A hundred years ago, a young unknown printer in San Francisco wrote a book he called Progress and Poverty. He wrote after his daily working hours, in the only leisure open to him for writing. He had no real training in political economy. Indeed he had stopped schooling in the seventh grade in his native Philadelphia, and shipped before the mast as a cabin boy, making a complete voyage around the world.

Three years later, he was halfway through a second voyage as able seaman when he left the ship in San Francisco and went to work as a journeyman printer. After that he took whatever honest job came to hand. All he knew of economics were the basic rules of Adam Smith, David Ricardo, and other economists, and the new philosophies of Herbert Spencer and John Stuart Mill, much of which he gleaned from reading in public libraries and from his own painstakingly amassed library. Marx was yet to be translated into English.

George was endowed for his job. He was curious and he was alertly attentive to all that went on around him. He had that rarest of all attributes in the scholar and historian – that gift without which all education is useless. He had mother wit. He read what he needed to read, and he understood what he read. What is more, he saw what was before his eyes, exactly, with the clear vision of an artist and the appraisal of a scientist. And he was fortunate. He lived and worked in a rapidly developing society in which his environment changed daily.

George had the unique opportunity of studying the formation of a civilization – the change of an encampment into a thriving metropolis. He saw a city of tents and mud change into a fine town of paved streets and decent housing, with tramways and buses. And as he saw the beginning of wealth, he noted the first appearance of pauperism. He saw the coming of the first beggars the West had ever known in its entire history. He saw degradation forming as he saw the advent of leisure and affluence. It was his personal characteristic that he felt compelled to discover why they arose concurrently.

The result of his inquiry, Progress and Poverty, is written simply, but so beautifully that it has been compared to the very greatest works of the English language. Indeed, there are pages that cannot be bettered for eloquence, for sparkling imagery, and for sound – that lovely poetic sound of the English language beautifully spoken. He always had this superb gift. His sea-log at fourteen compares with the style of Joseph Conrad.

Because he was totally unknown, no one would print his book.
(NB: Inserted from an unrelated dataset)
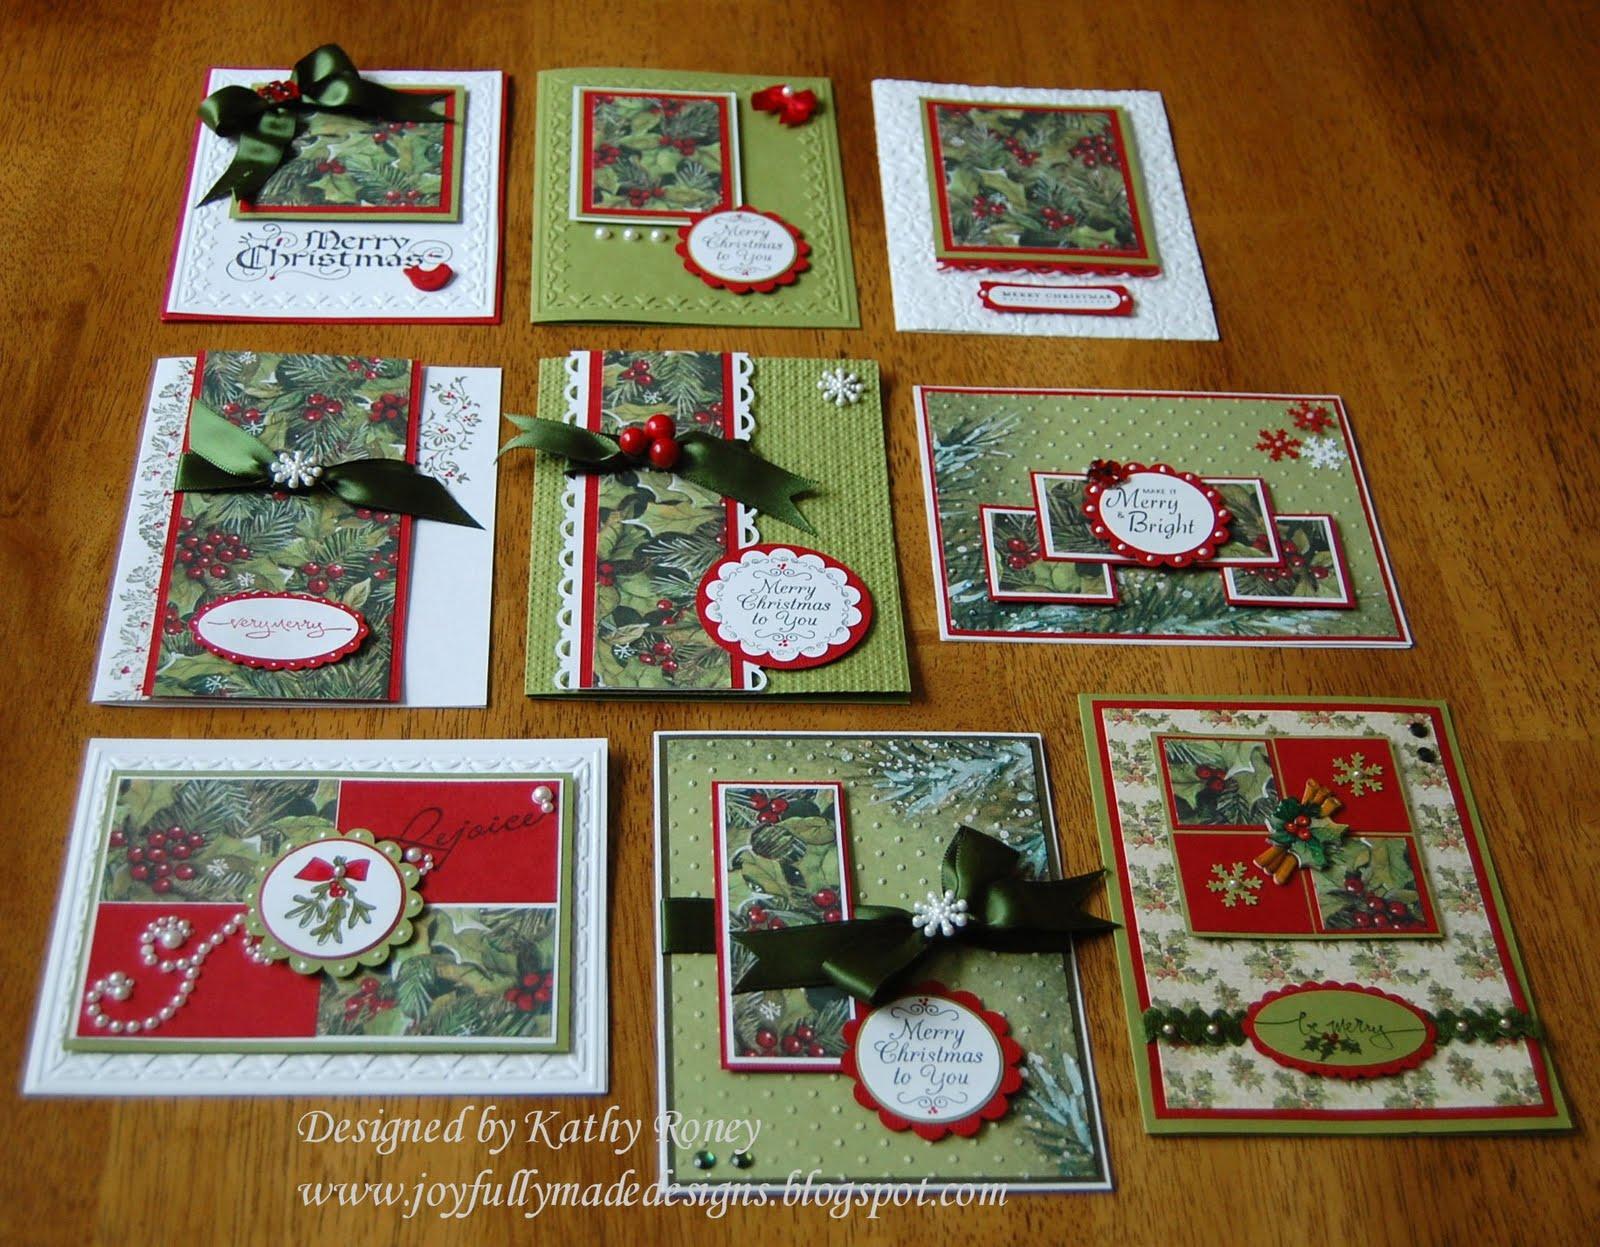 Joyfully Made Designs: Christmas One Sheet Wonder 8 x 8 - photo#42
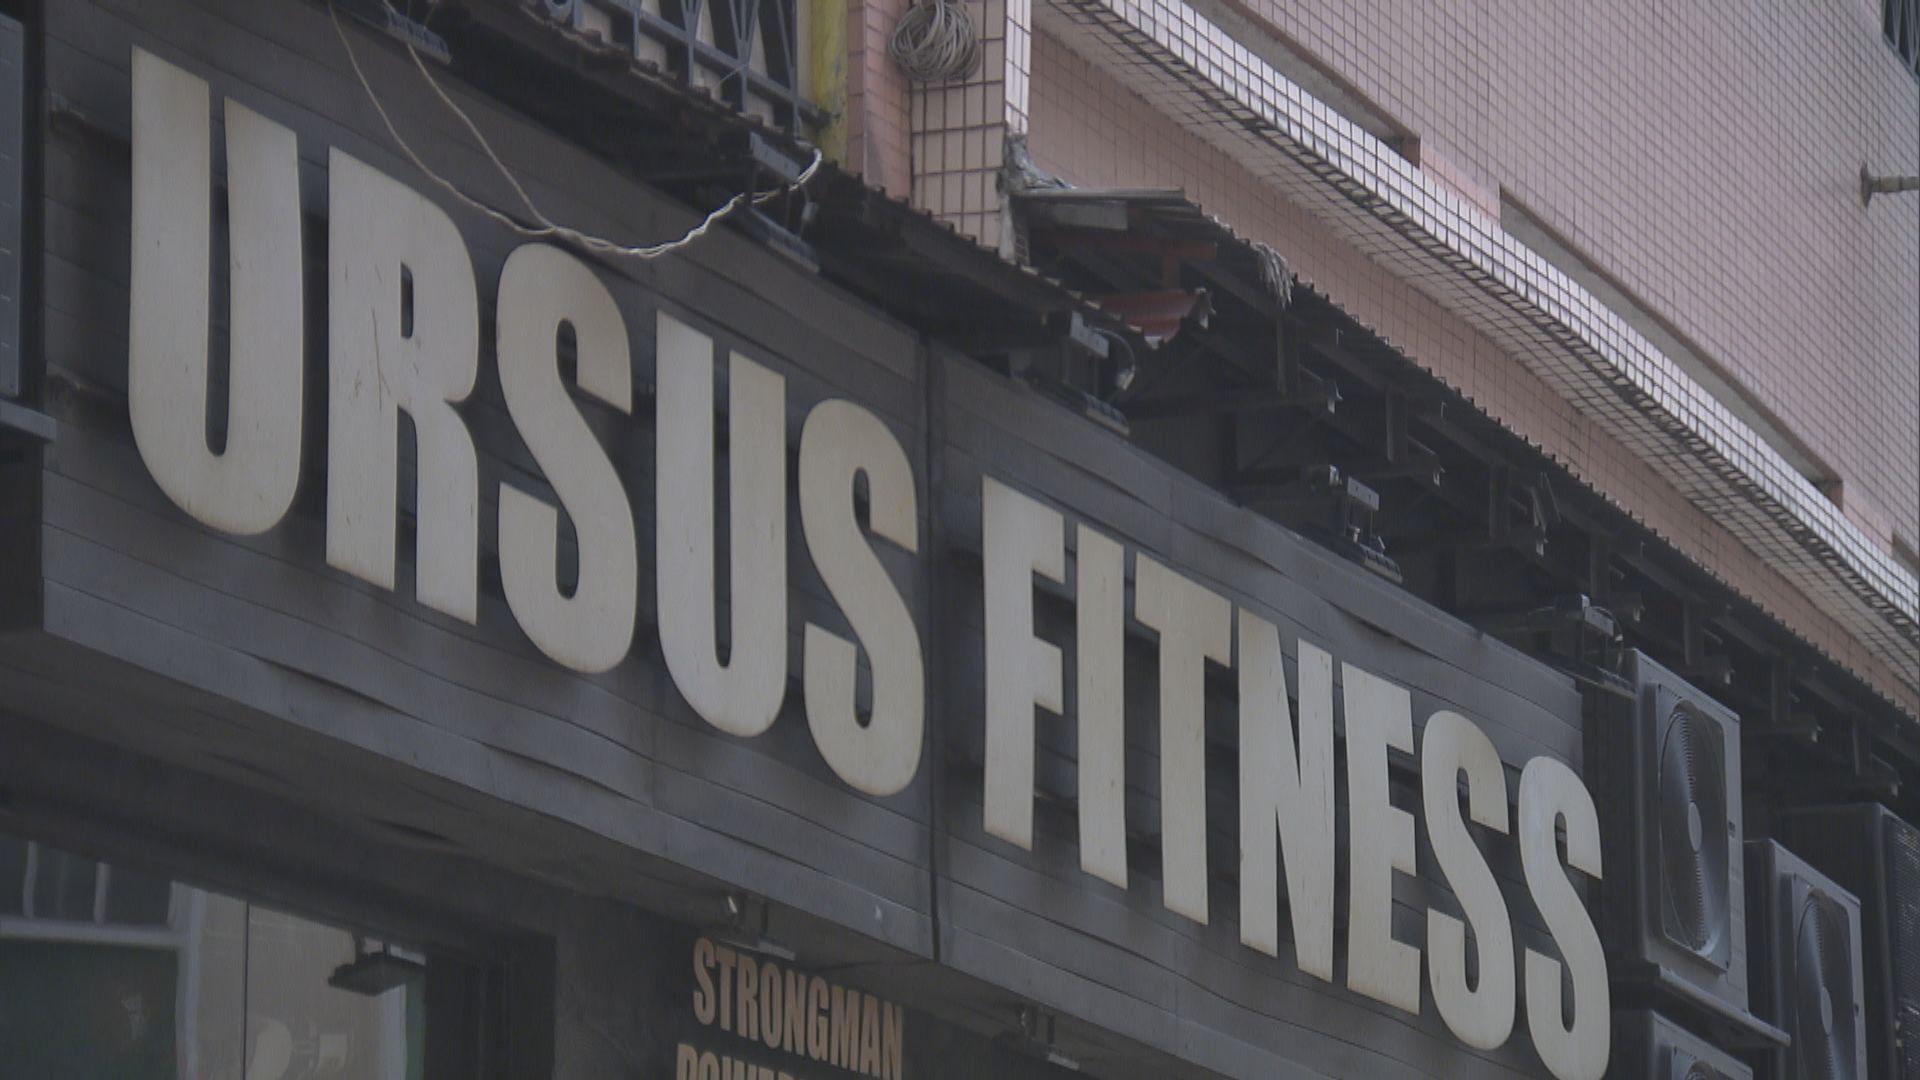 港增60宗確診 Ursus Fitness多47人染疫

And so he and his friends, also printers, set the type themselves and ran off an author’s edition which eventually found its way into the hands of a New York publisher, D Appleton & Co.  An English edition soon followed which aroused enormous interest. Alfred Russel Wallace, the English scientist and writer, pronounced it “the most remarkable and important book of’ the present century.”  It was not long before George was known internationally.

During his lifetime, he became the third most famous man in the United States, only surpassed in public acclaim by Thomas Edison and Mark Twain. George was translated into almost every language that knew print, and some of the greatest, most influential thinkers of his time paid tribute.

Leo Tolstoy’s appreciation stressed the logic of George’s exposition: “The chief weapon against the teaching of Henry George was that which is always used against irrefutable and self-evident truths. This method, which is still being applied in relation to George, was that of hushing up …. People do not argue with the teaching of George, they simply do not know it….”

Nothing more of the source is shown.